The Plot to Assassinate Hitler (Der 20. Juli) is a 1955 West German feature film produced by CCC Film about the failed 20 July 1944 attempt to assassinate Adolf Hitler. Falk Harnack directed and co-wrote the film's script with Günther Weisenborn. Wolfgang Preiss won the German Federal Film Award for his role as the rebel army officer, Claus von Stauffenberg.
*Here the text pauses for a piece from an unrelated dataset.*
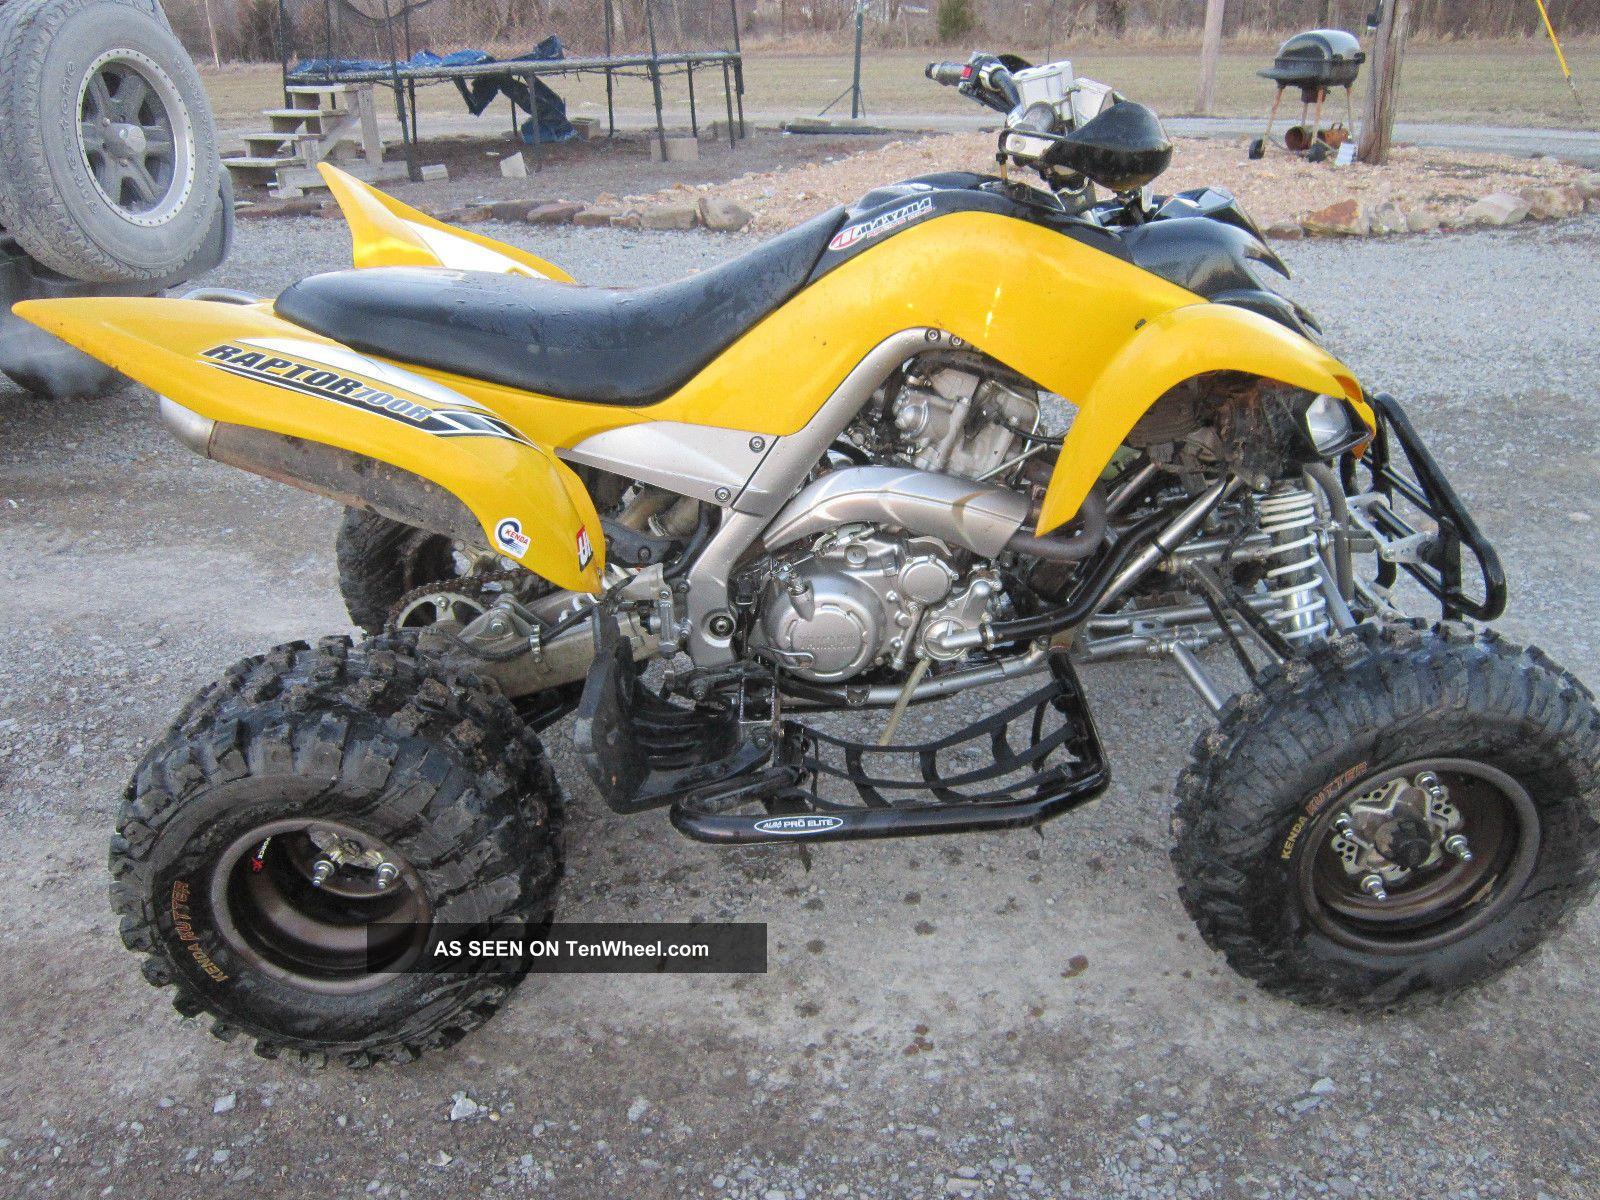 2006 Yamaha 700 Yamaha photo

The film has a realism that comes very close to the style of a documentary.

The Plot to Assassinate Hitler was released in the same year as G.W. Pabst's film, Es geschah am 20. Juli, (English title, Jackboot Mutiny), which deals with the same subject.

== Reviews ==
Lexicon of international film: A film that was carefully cast down to the smallest role and advised in detail by members of the resistance, which attracted positive attention in German cinema in the 1950s.

== Awards ==
The FBL awarded the film the title valuable.

The screenwriters Günther Weisenborn and Werner Jörg Lüddecke received the Federal Film Prize in silver in 1956.

Wolfgang Preiss also received the Federal Film Prize in silver in 1956 for his portrayal.

Producer Artur Brauner received the film award for the "feature film that makes a particularly lasting contribution to awakening civic awareness".

The film was recommended by the Evangelical Film Guild as “best film of the month” (July 1955).